Grant Morrison era o “cara de Glasgow”, como Rob King diz no editorial da ed. nª. 2. Ele ainda aponta que no próximo número, Grant iria começar uma série de histórias chamada “Gideon Stargrave”, que era seu trabalho principal. “Gideon Stargrave” era aquele trabalho apresentado por Morrison a Rob King na Primeira Convenção de Quadrinhos de Glasgow, quando ele procurava desesperado por uma oportunidade.

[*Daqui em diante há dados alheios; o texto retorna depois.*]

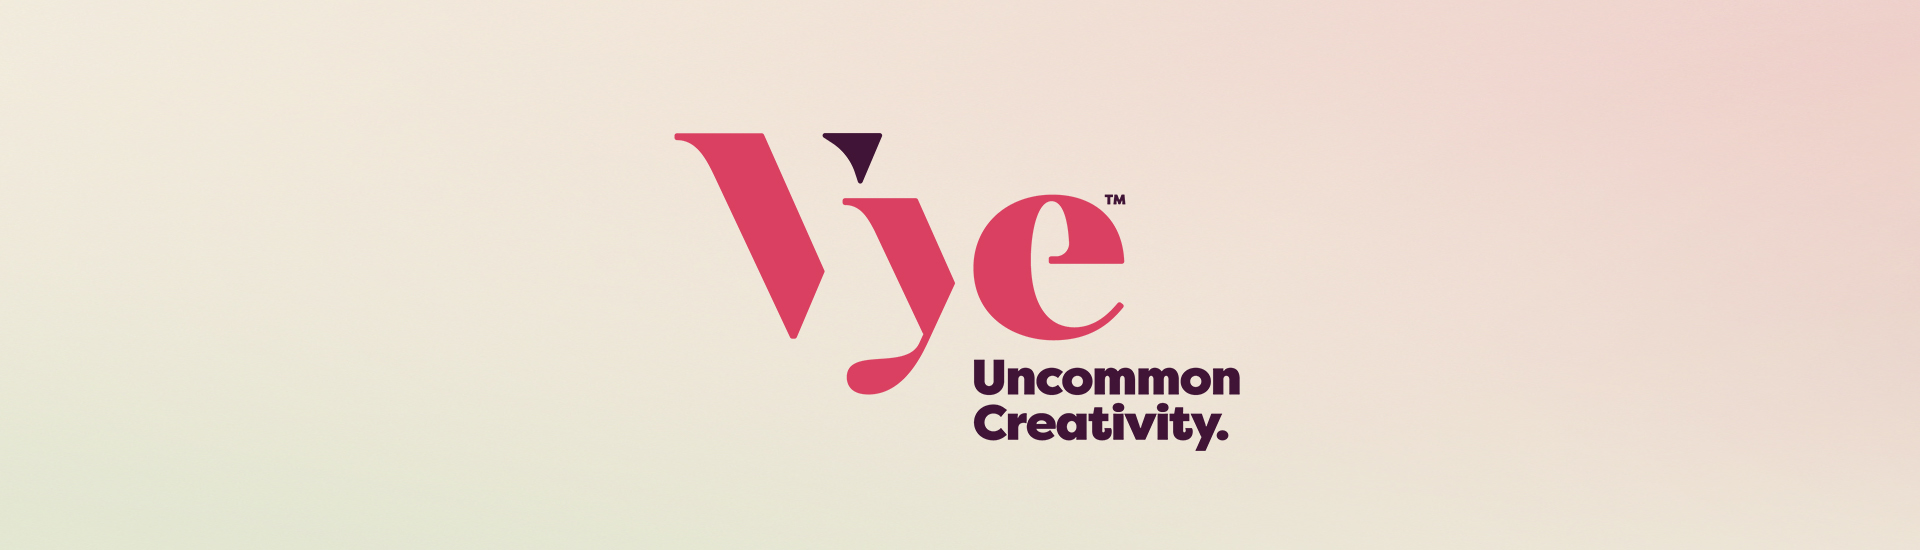 Vye-Blog-_0039_Leighton Interactive Repositions, Changes Name, To Vye-1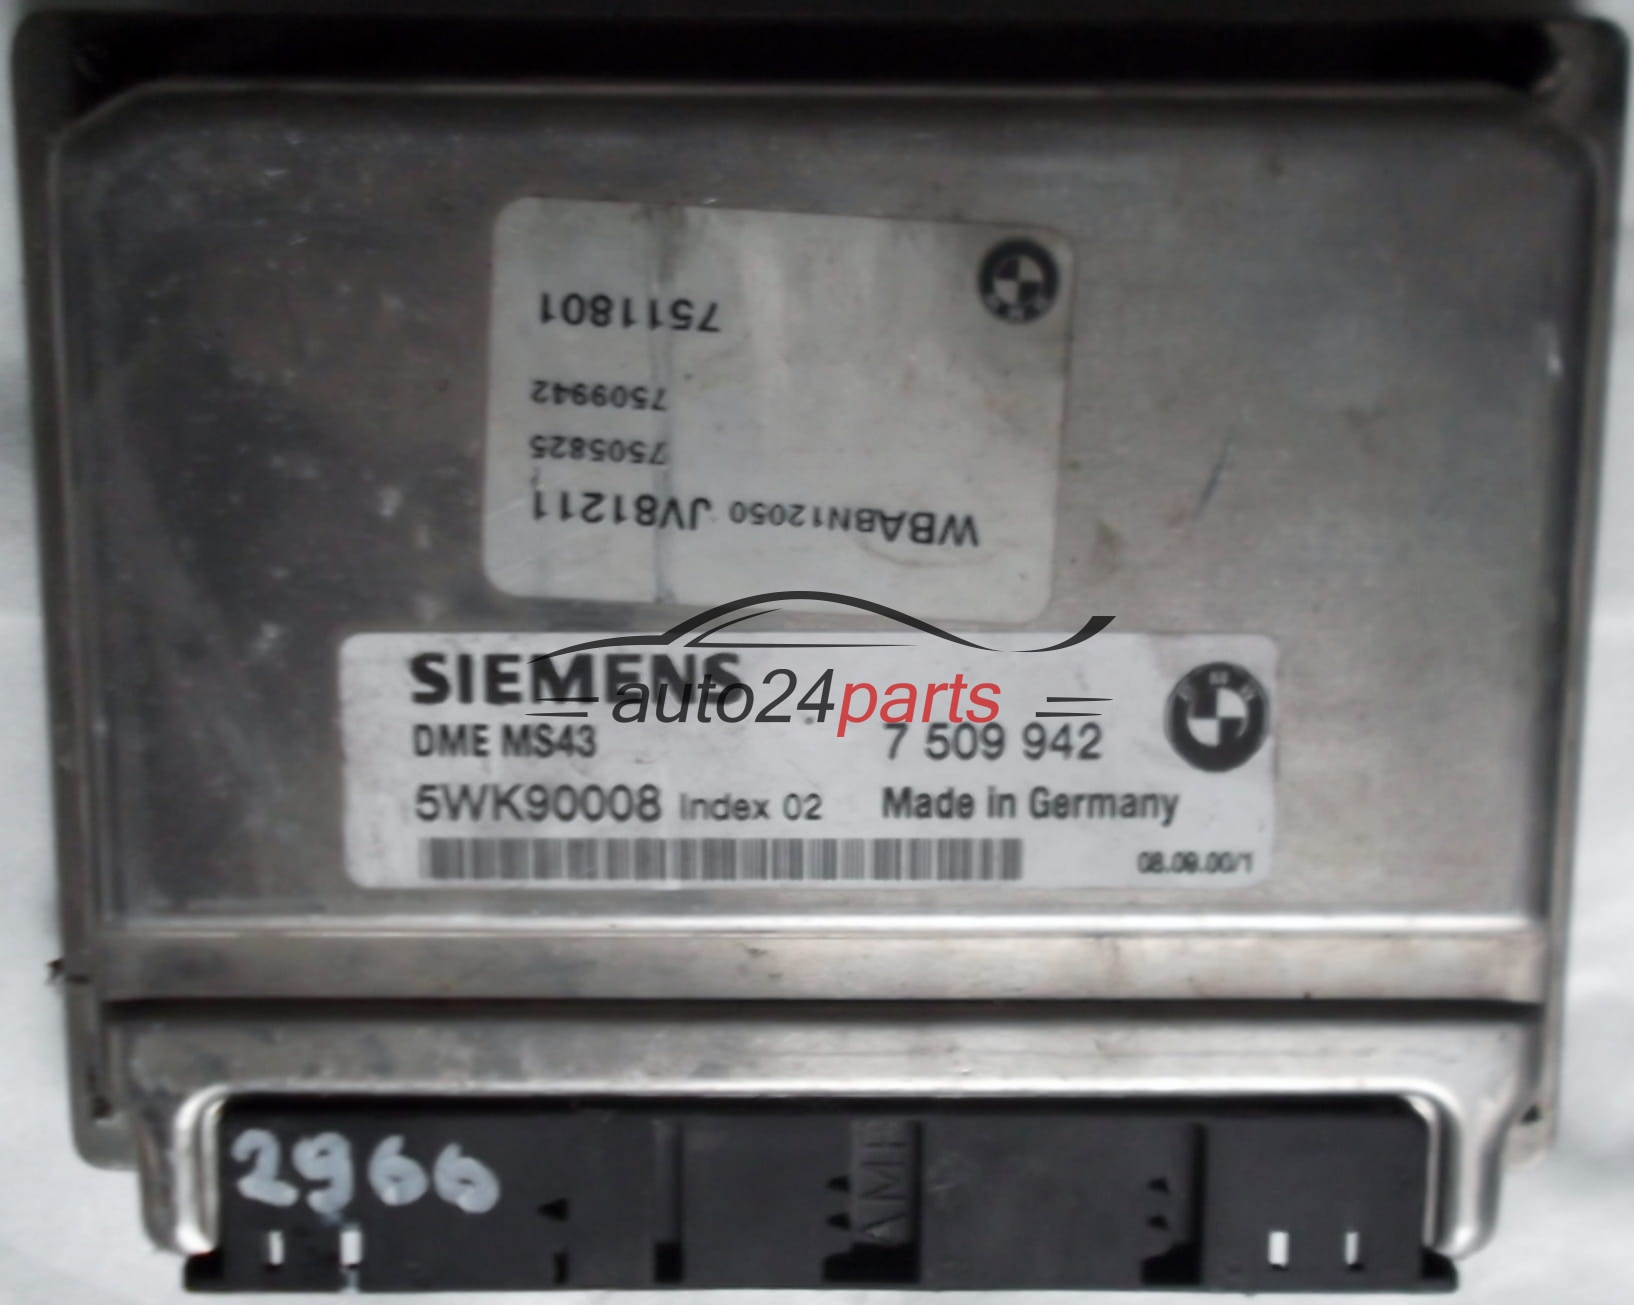 Image Of Bmw E46 Dme BMW E46 316i N42 Programmable Control Unit DME

Mas afinal de contas, do que se trata “Time Is A Four Lettered Word”?

Do fim do mundo através paradoxos temporais/dimensionais, como quase tudo que Morrison trabalhará depois. Desde o princípio, como nessa obra, ele está envolvido com noções como “saturação do tempo”, no entanto nessa história, esse plot é enfeitado com toques da mitologia celta.

A narrativa é dividida em três histórias localizadas em tempos e situações diferentes que se passam confusamente misturadas nas mesmas páginas. Eu achei a arte horrível e confusa demais até pra coisas complicadas como paradoxos temporais… Morrison pode ser um bom desenhista de esboço, mas não de obra final. Dizem que ele tem vergonha desses trabalhos iniciais, porque ele não costuma mencionar, diz apenas que trabalhou pra Near Myths, no máximo comenta sobre Gideon Stargrave, porque o personagem se tornaria importante na trama de Invisíveis.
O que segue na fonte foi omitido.